Please copy only the material from the line that has "Soapstone Fireplace Awesome" to the very last line, both ends included, exactly as written and without pictures.

SUPPLIED DATA.
===

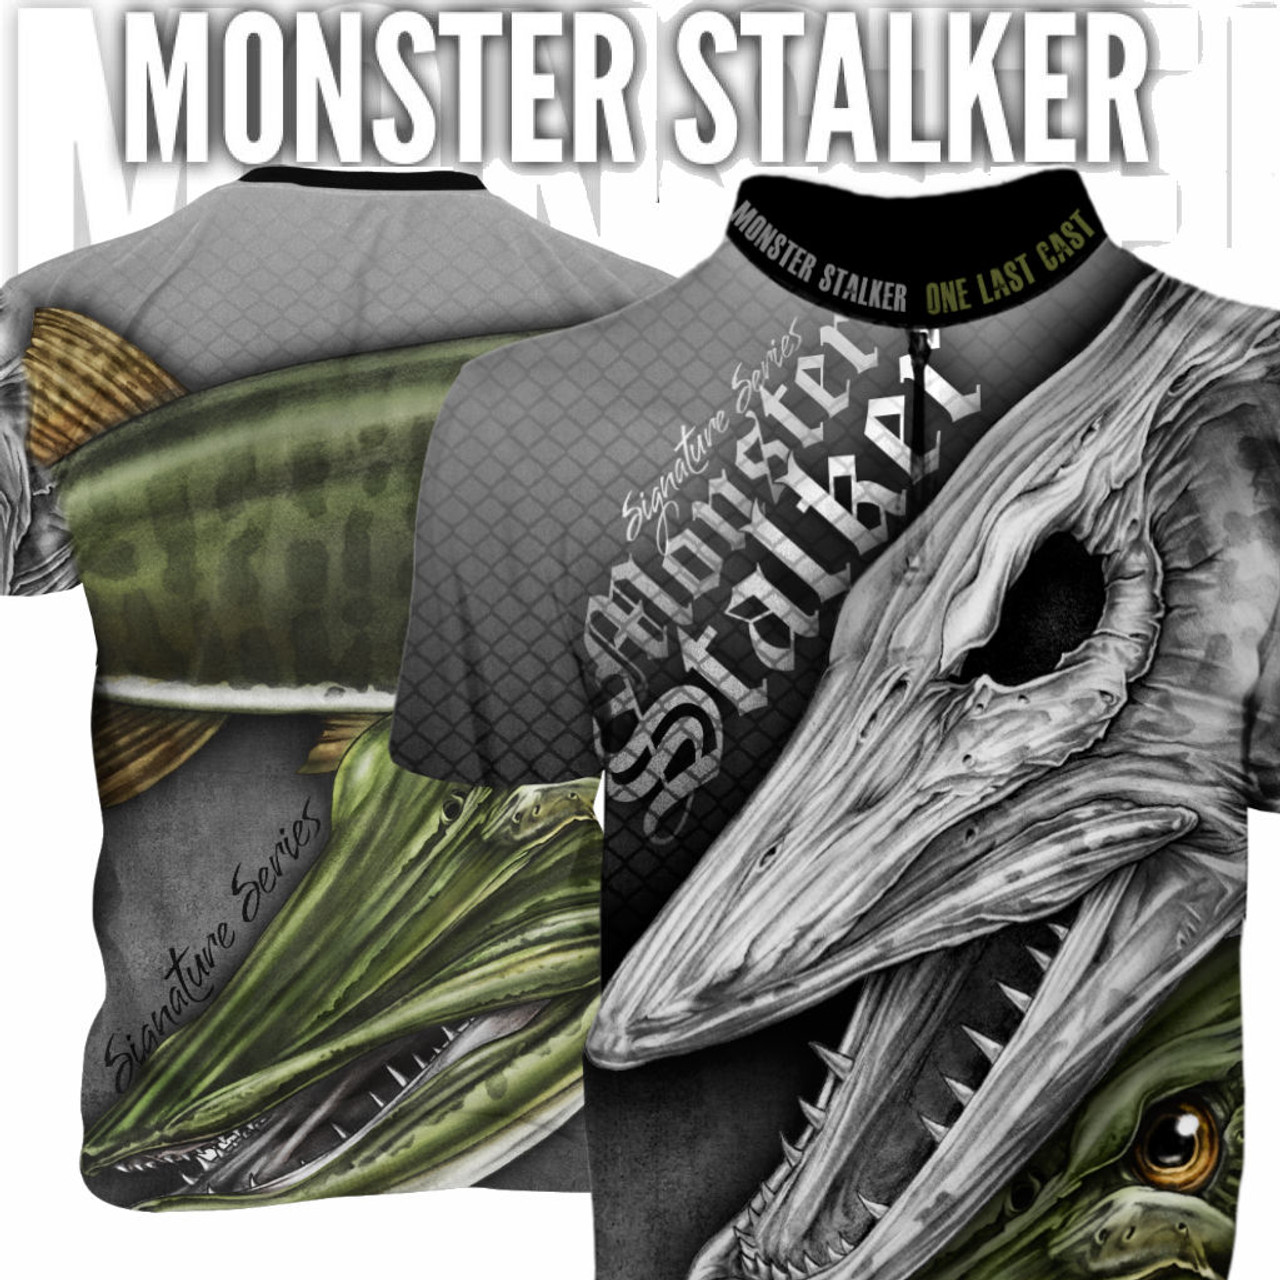 https://cdn11.bigcommerce.com/s-eemvl8dub3/images/stencil/1280x1280/products/148/758/JERSEY_Monster_Stalker_Ghost_Grey_SS_Front_Back_Standard_1024x1024___82364.1561660733.jpg?c=2?imbypass=on
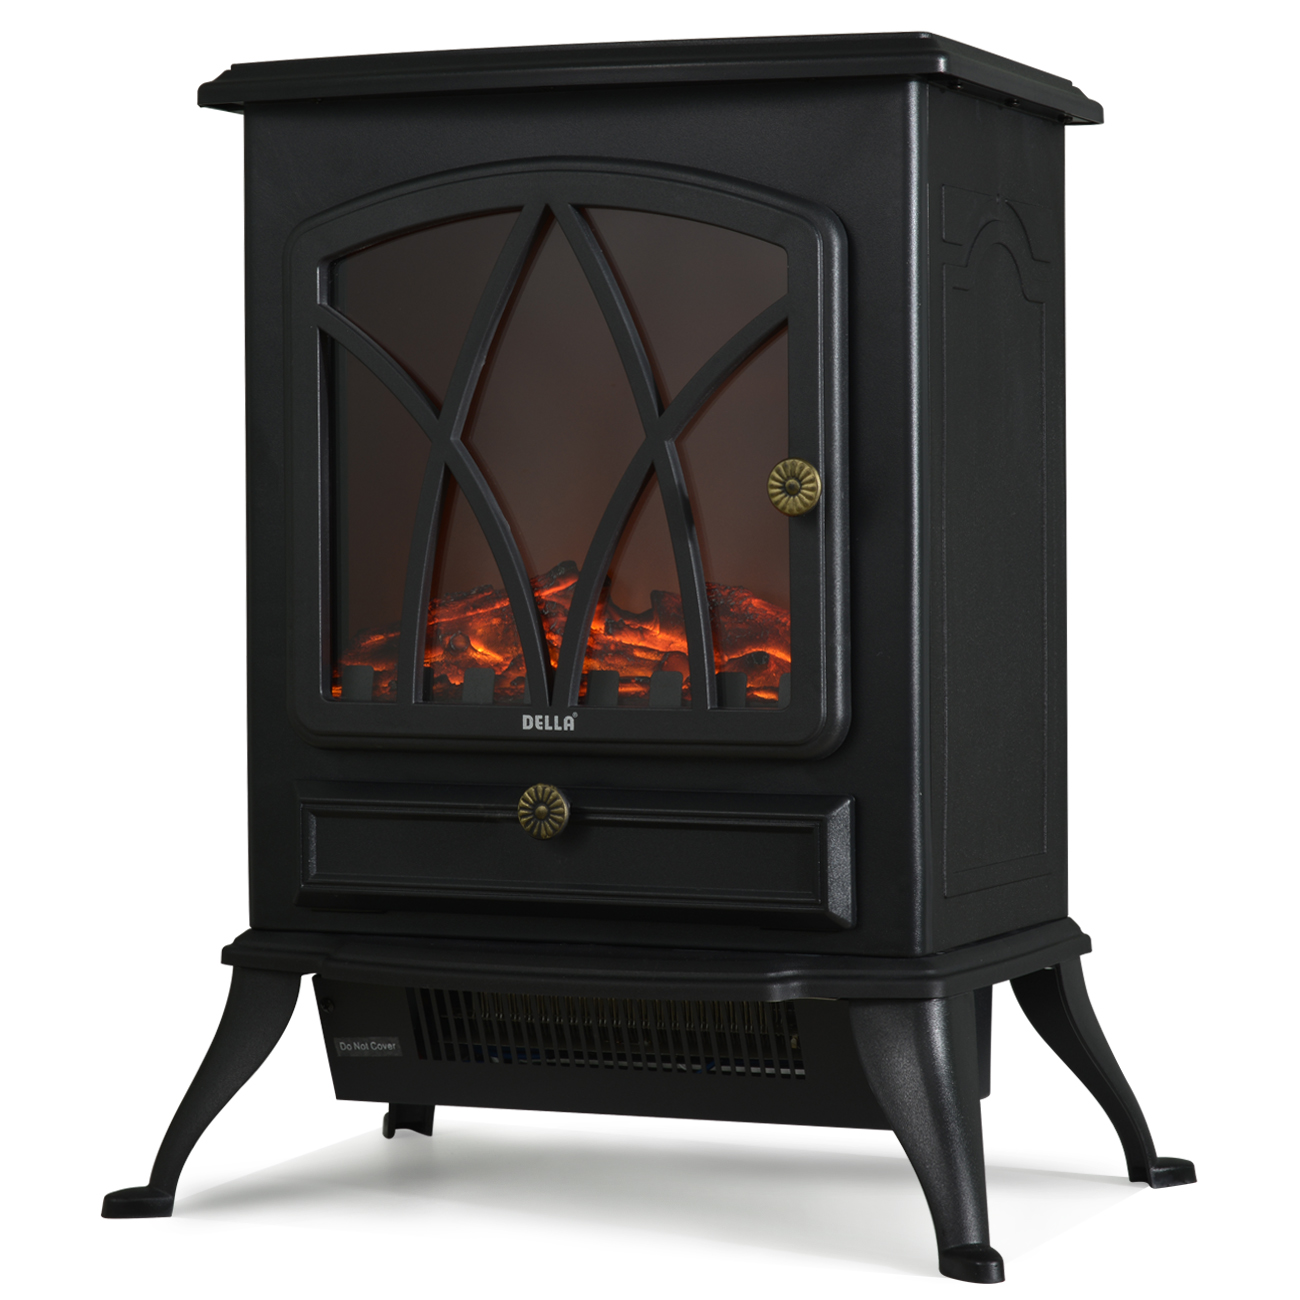 Soapstone Fireplace Awesome Stove Glass Wood Stove Glass is Black
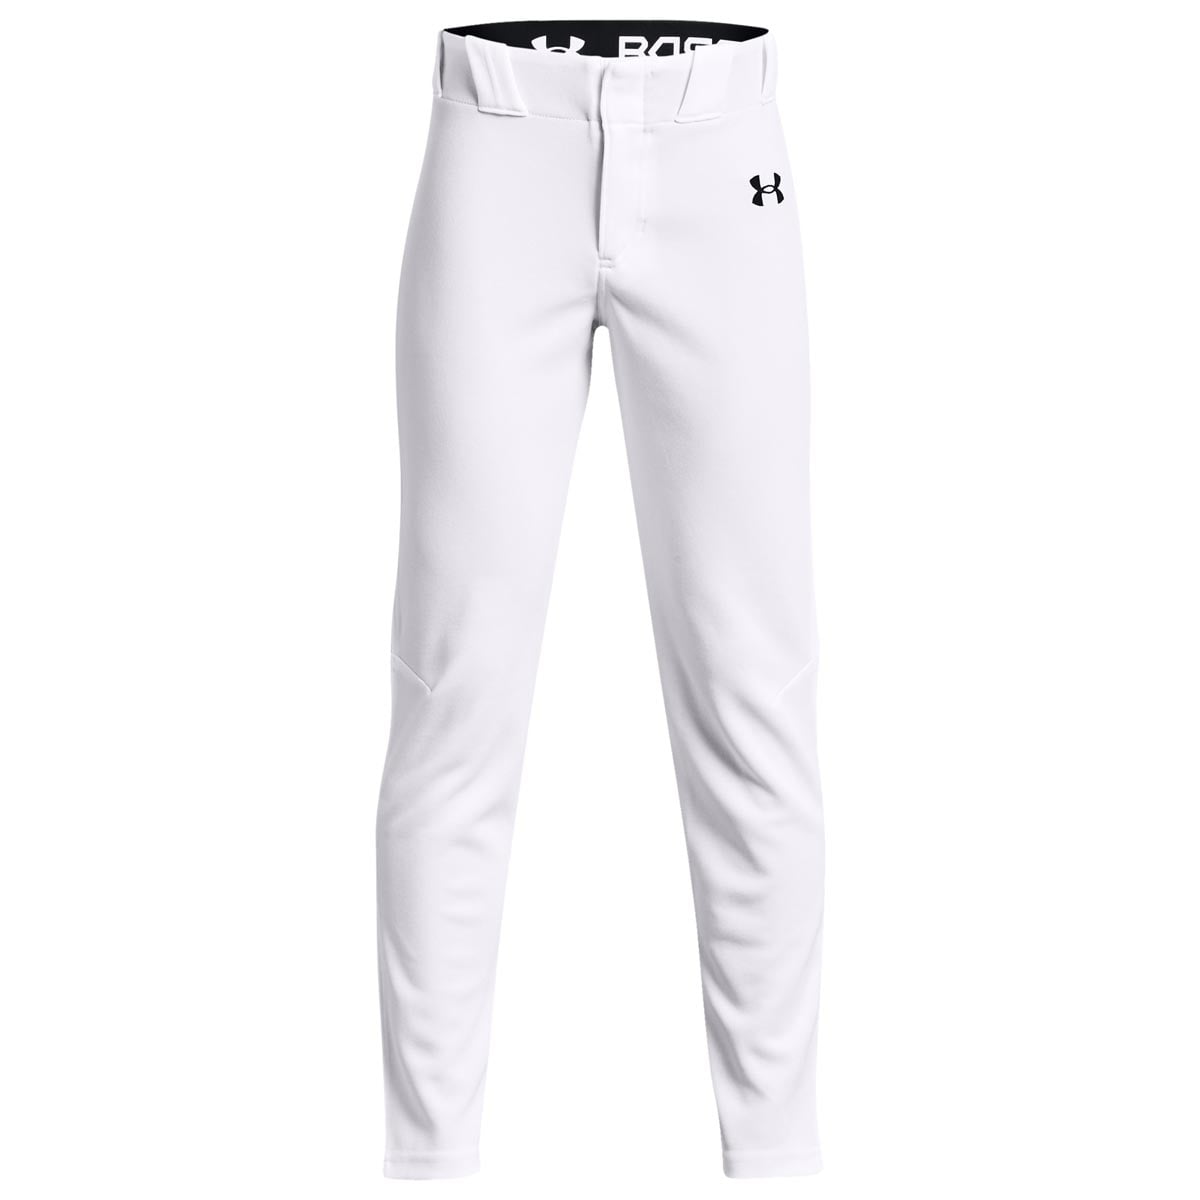 New Men's UA Clean Up Piped Baseball Pant Style 128096 077 Grey with Navy

===

RESULT OF THIS EXERCISE.
 Soapstone Fireplace Awesome Stove Glass Wood Stove Glass is Black
 New Men's UA Clean Up Piped Baseball Pant Style 128096 077 Grey with Navy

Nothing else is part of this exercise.